You went to Libertyville High School in the northern Chicago suburbs. How did you like it?
On the one hand, it was a lovely, bucolic suburb with plenty of grassy fields to run around and play football in. On the other hand, one morning there was a noose in my family's garage. A mixed bag.
That leaves an impression.
It certainly does. And you wonder why the music's loud.
I'm impressed with your recession-level ticket prices -- $15! -- of your West Coast tour.
We try to keep the tickets for the "Justice Tour" to the people's price. This tour grew out of shows I hosted at the Hotel Café over the last few years. They're shows that are completely outside of the mainstream of how business is usually done in the music industry.

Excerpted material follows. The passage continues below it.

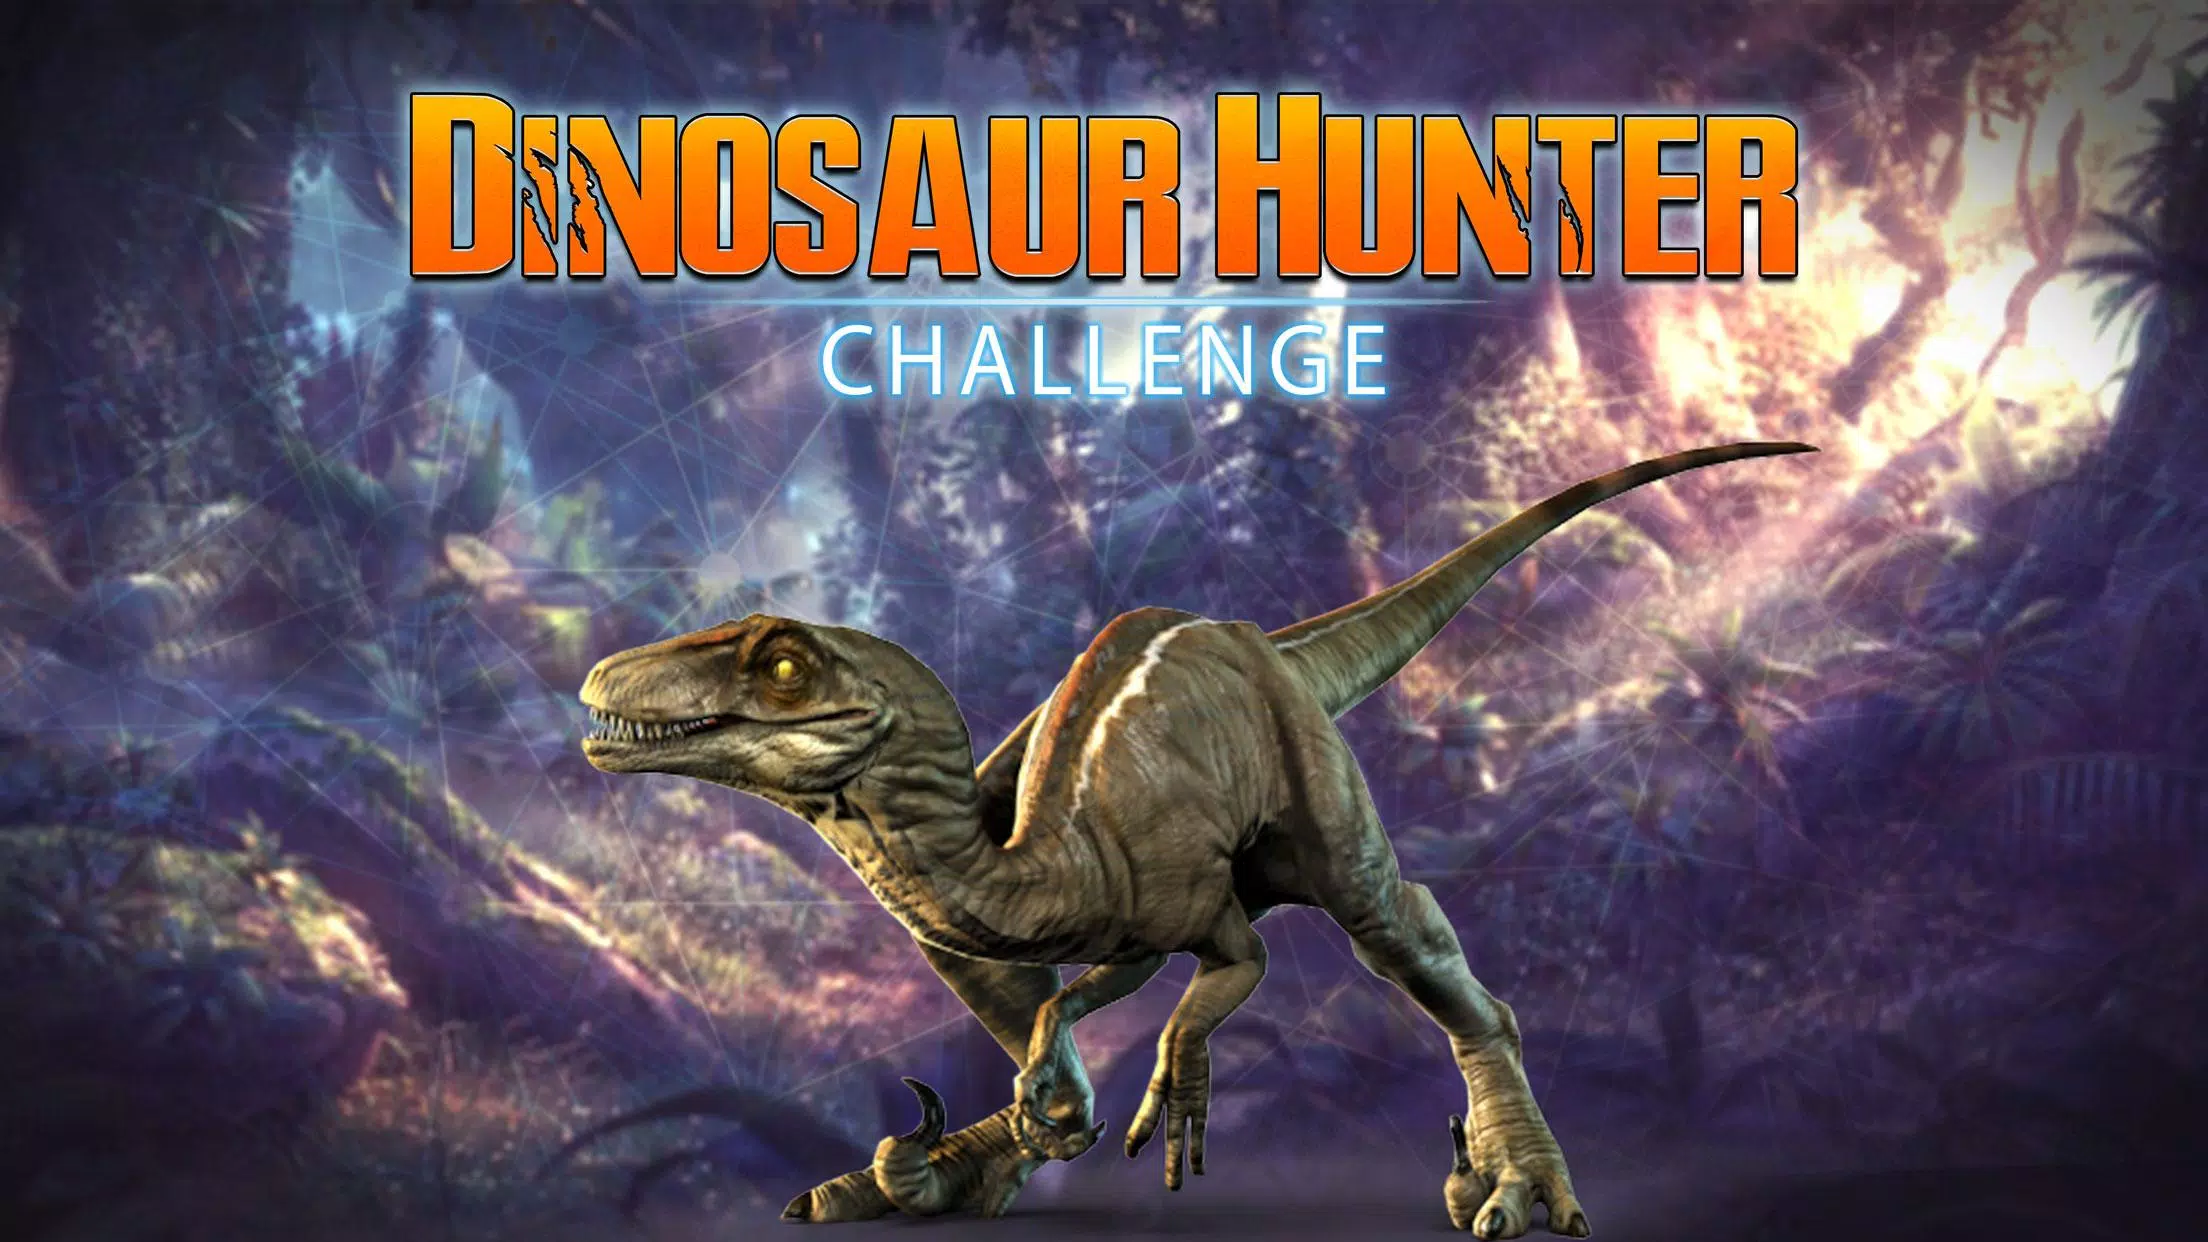 Dino Hunter, incrível jogo de caçar dinossauros chega aos dispositivos  Android e iOS

I text the artists on my BlackBerry and ask them to play. One hundred percent of the proceeds go to homeless advocacy. The artists not only perform at the shows but are invited to participate at the homeless shelters as well.

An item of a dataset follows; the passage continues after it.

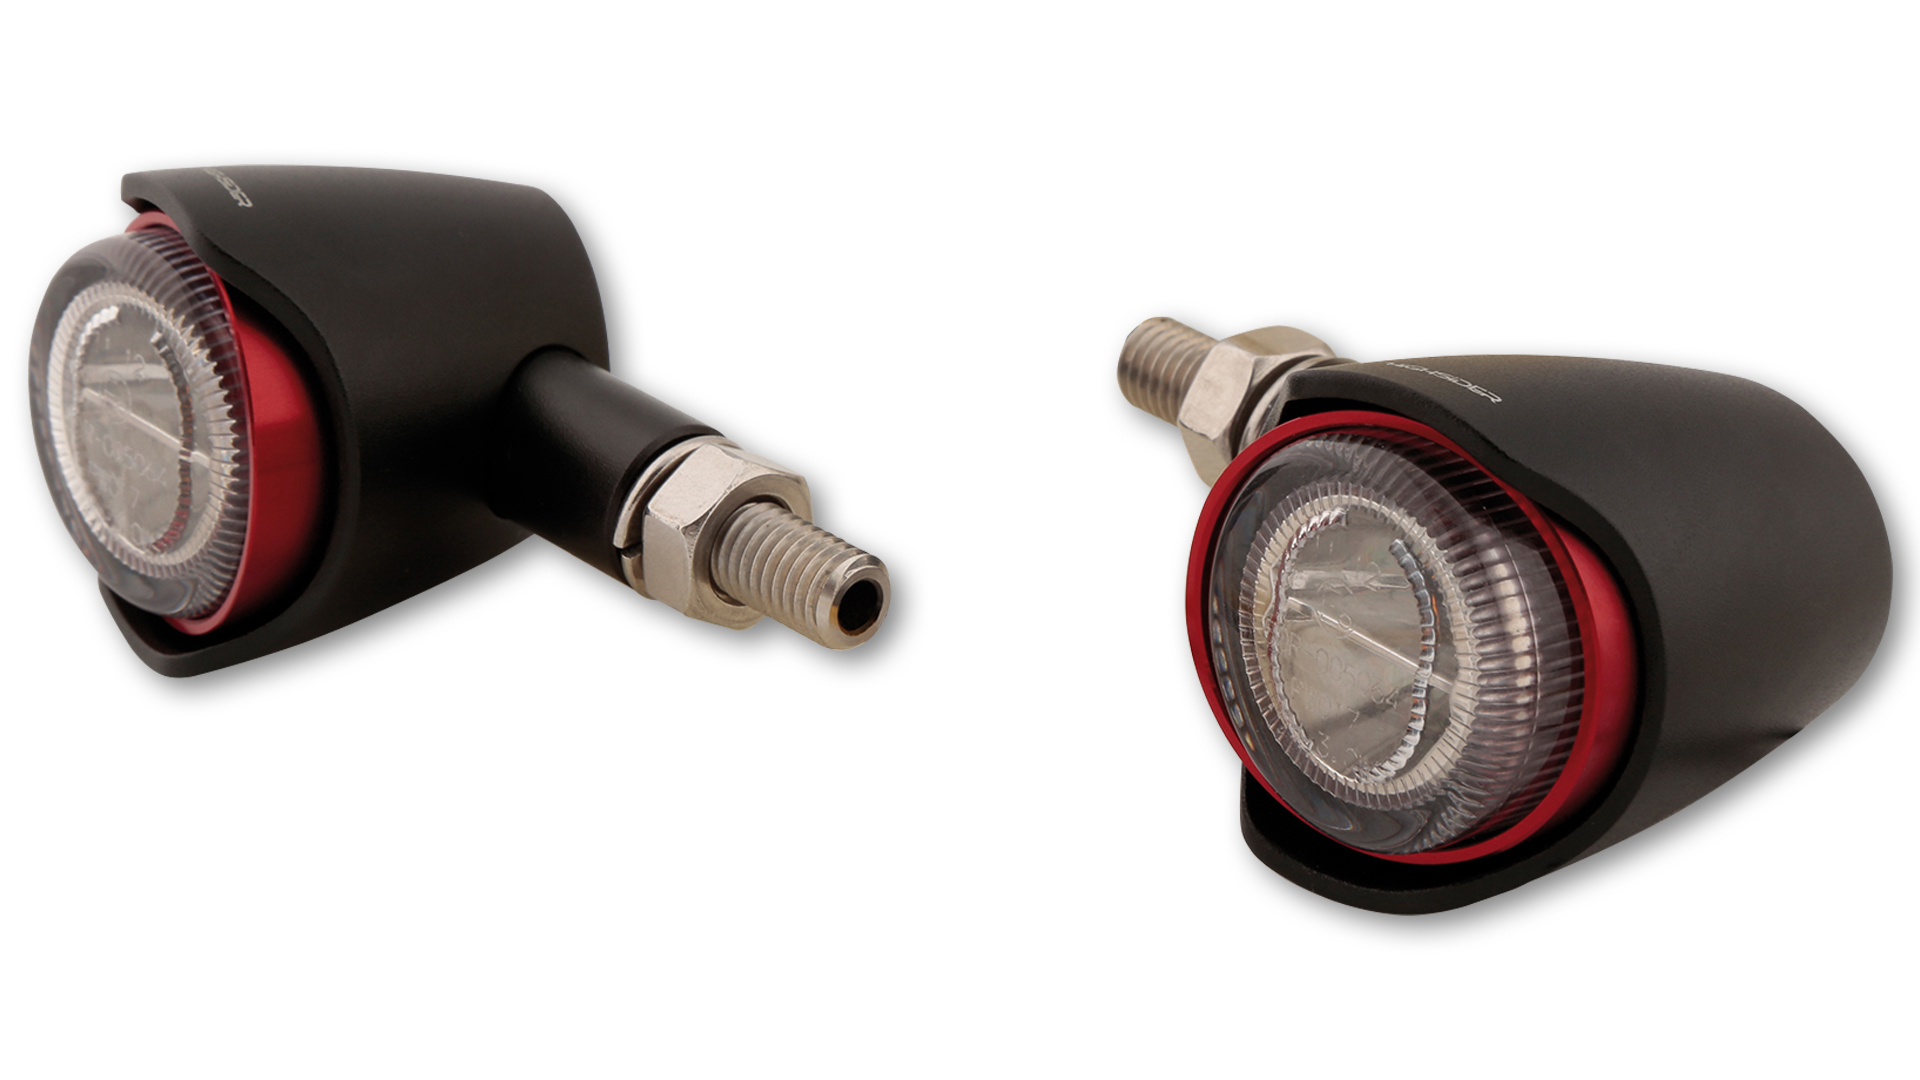 HIGHSIDER AKRON-X LED Rück-, Bremslicht, Blinker, getöntes Glas, in verschiedenen Farben erhältlich, E-geprüft, Paar.

It's very exciting that Slash is coming out for the L.A. date.
Slash has often played at these benefit shows. He's been a great supporter of the gigs I've put on. The whole underpinning notion of this is to bail out people, not banks. You've got these robber barons on Wall Street somehow profiting from destroying the economic infrastructure of the country and plunging so many people into poverty. And it's time to fight back.
They're saying we need a third bailout now.

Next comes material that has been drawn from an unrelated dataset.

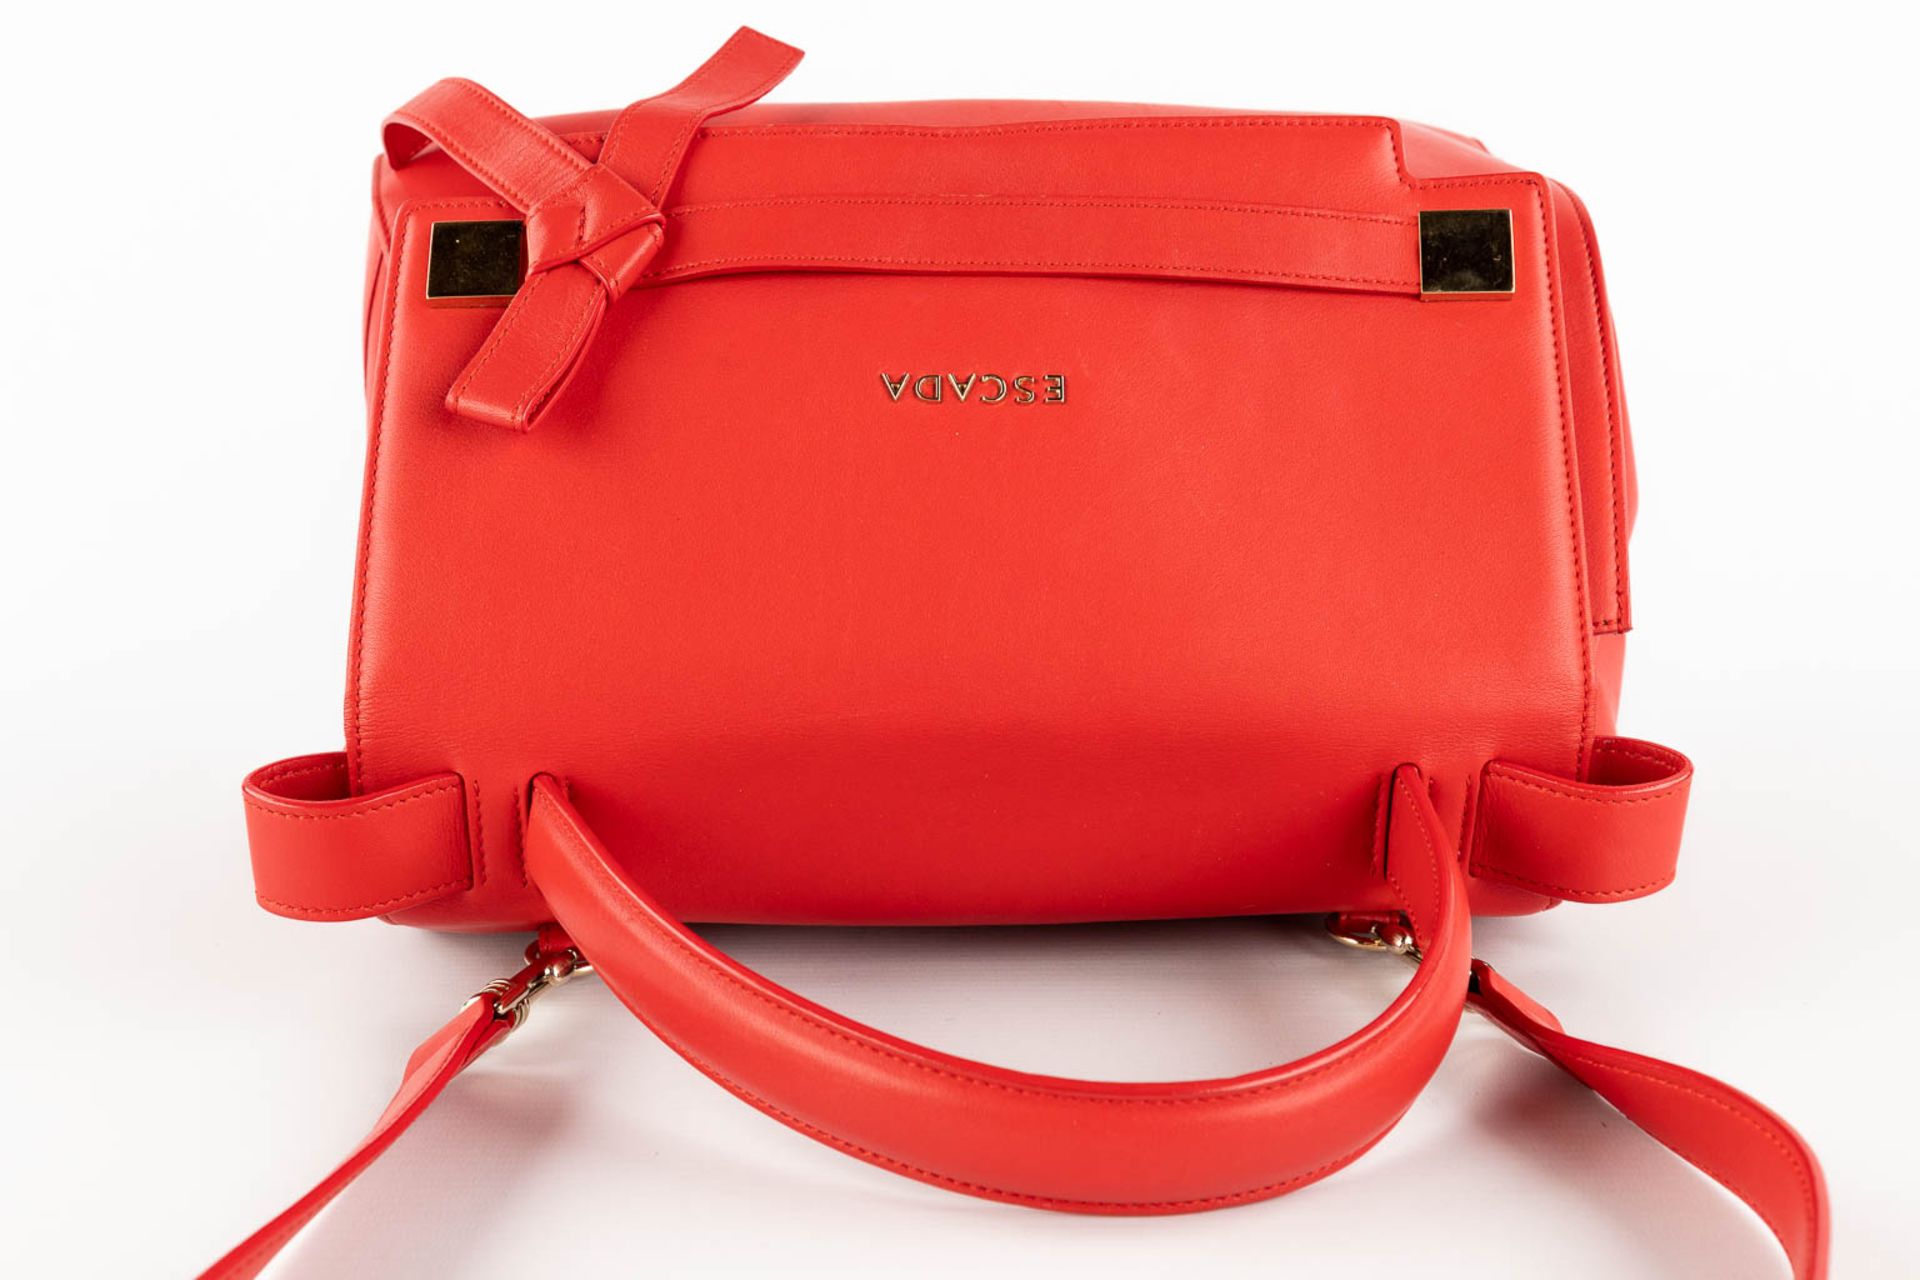 Escada, a handbag made of red leather. (W:33 x H:28 cm) - Image 9 of 17

It does appear to be the greatest crime -- certainly the greatest financial crime -- in history. So there's a two-pronged attack: one is we rock seriously at these shows and help some people. And second, we head to Wall Street with pitchforks and torches.
Have you been to New York in the last six months? The robber barons are still in place, but all the junior robber barons have been kicked to the curb.
I haven't. Well, this doesn't mean the captain's going to give up the thread count in his private suites. But it does mean his servants may go without.
Where do you get your news?
I read the New York Times every day. Then there's some great online sources. I have a nonprofit organization called Axis of Justice. We have our own alternative news service.
Not on a daily basis. I'll check the sports ticker on ESPN.
Is it hard being anti-corporate and a sports fan?
Oh, the various contradictions rest pretty easily in me.
Are you more excited to pay your taxes this year? Or less?
I wouldn't say I was more excited to pay for the Iraq war! But it has less to do with excitement as whether or not you're willing to take the gloves off and fight for social justice.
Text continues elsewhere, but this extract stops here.